(5 of 6)
President Hoover's two years in the White House have not been politically happy. Claudius Hart Huston, his handpicked chairman of the Republican National Committee, was removed by his party for stockgambling on lobby funds. Dry little Simeon Davison Fess, his successor, mangled last year's G. O. P. campaign so grievously that what little Congressional support the White House had was wiped out by the November elections. After March 4, President Hoover will be confronted by a new and serious menace in the form of the 72nd Congress from which, lacking a working Republican majority, he may anticipate only more rows, more obstruction, more criticism. To compound his other troubles he was compelled to watch his Farm Board speculate in the open wheat market contrary to his pledge of no "Government buying or selling or price-fixing." The Depression played such hob with the Treasury's finances that a Republican Administration is on the brink of its first big post-War deficit ($500,000,000). Increased taxes are inevitable. Internationally the President sought a five-power treaty for naval reduction and had to take a three-power treaty for naval limitation which will cost the U. S. $500,000,000 to build up to.
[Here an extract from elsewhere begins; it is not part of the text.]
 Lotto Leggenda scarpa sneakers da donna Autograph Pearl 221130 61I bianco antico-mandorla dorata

As if real troubles were not aplenty, there falls across the White House a shadow cast by a sharp-nosed little man who lives happily and writes profitably in Northampton. Mass.* Herbert Hoover and Calvin Coolidge were never good friends. Unforgotten and unforgiven was President Coolidge's statement that of course he would not make his Secretary of Commerce Secretary of State. When President Hoover was proclaiming the Treaty of Paris in 1929 Citizen Coolidge returned to Washington to participate in the ceremony, summoned newsmen, gave an interview about himself as a "public character," played inferentially on the fact that the White House Chief Usher's name is also Hoover, stole the show. Again at the American Legion convention in Boston last October the Coolidge reception was louder and more spontaneous than that of the President of the U.S.
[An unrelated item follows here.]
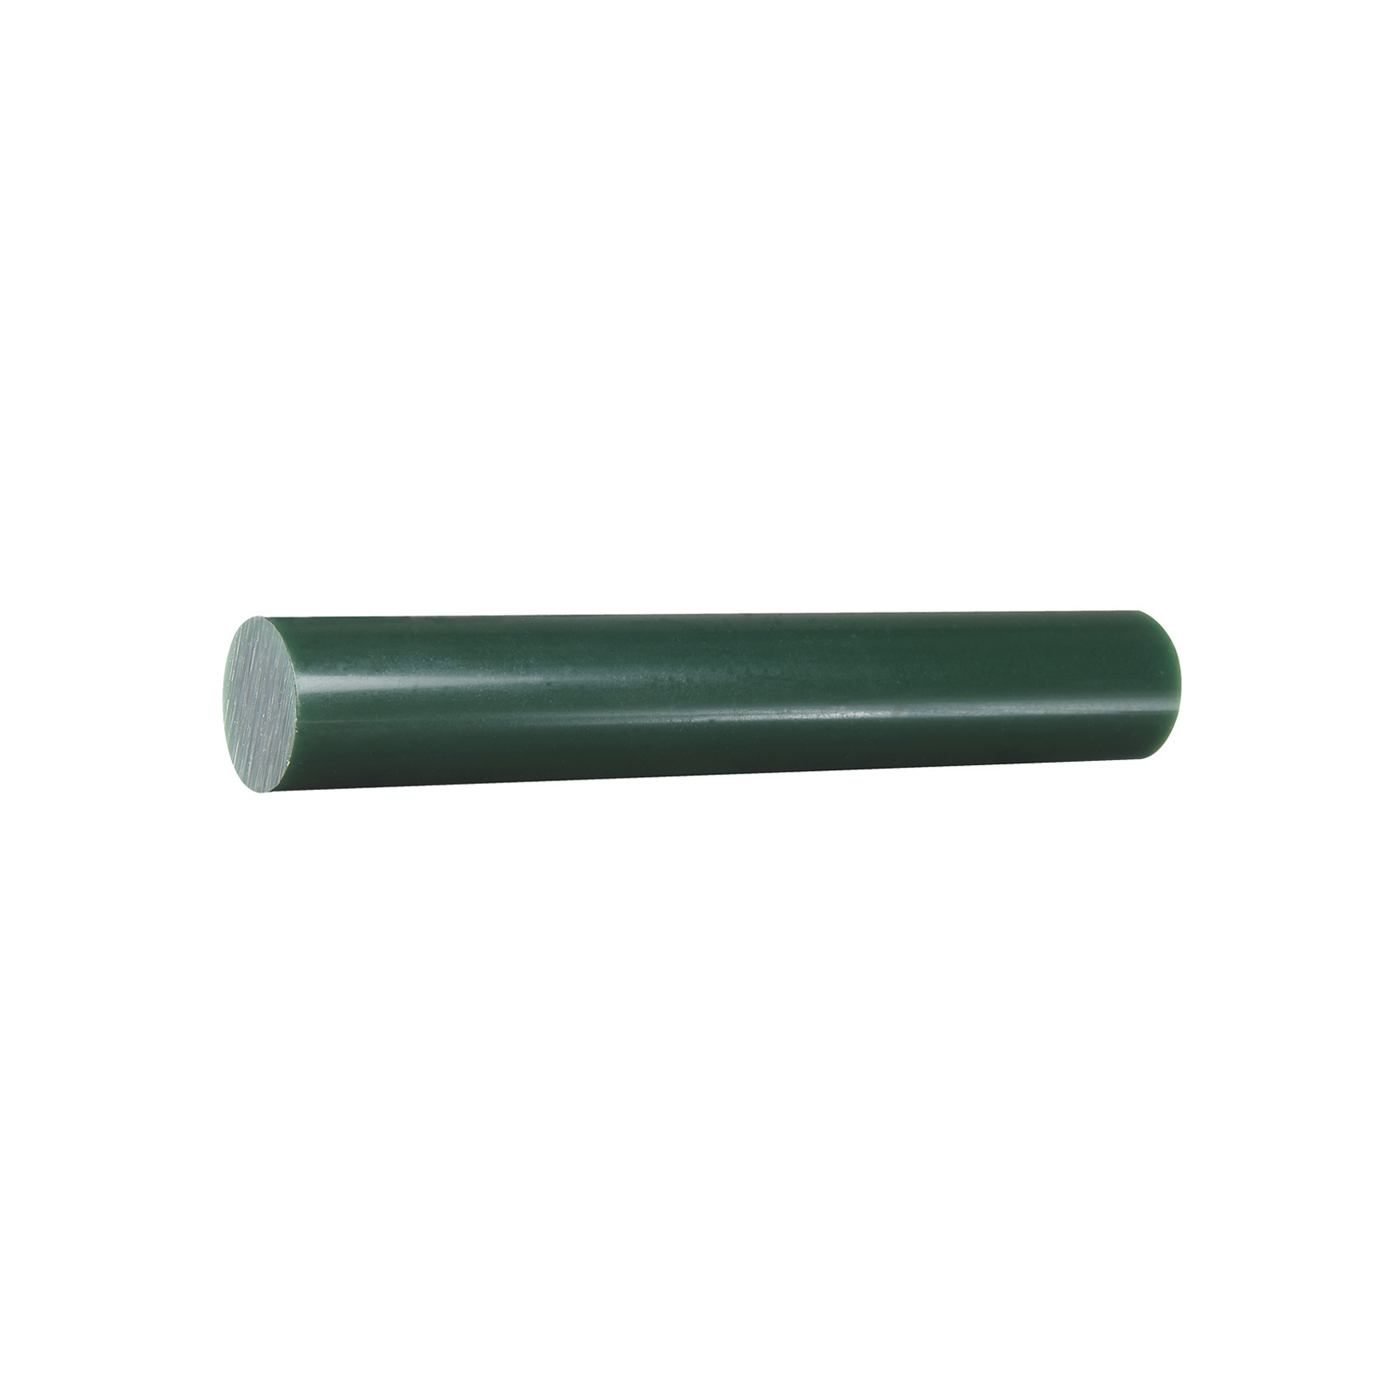 Gemvision Feil-/Fräswachs, rund, grün, massiv, 152,4 x 22,2 mm - 1 Stück

Loyal Hoover friends may well feel that the popular comparison of the two Presidents is manifestly unjust. They might say that if ever a President had fair weather sailing in which to do a big constructive job of statecraft it was Calvin Coolidge, but that in retrospect his Administration is astonishingly barren of permanent achievement. They might say that, with pious platitudes on his thin lips, President Coolidge capitalized on Prosperity, rode its inflationary waves to an enormous popularity. They might; but for obvious reasons, they cannot. They must bear in bitterness the growth of the Coolidge legend.
With President Hoover, Legend has worked quite differently. He suffers today from the "superman" publicity which built him up far beyond the probable level of human performance. Two years have destroyed the Hoover legend, and still obscured from public sight, is the more authentic picture: a high-minded, able, industrious, conscientious individual who is devoted to his country, to the art of Government, to children. His irrational effort to divorce government from politics explains many of his difficulties, and is, as was predicted in 1928, his most serious defect as President. For, although he calls government an art. he doggedly continues to act as if it were a science.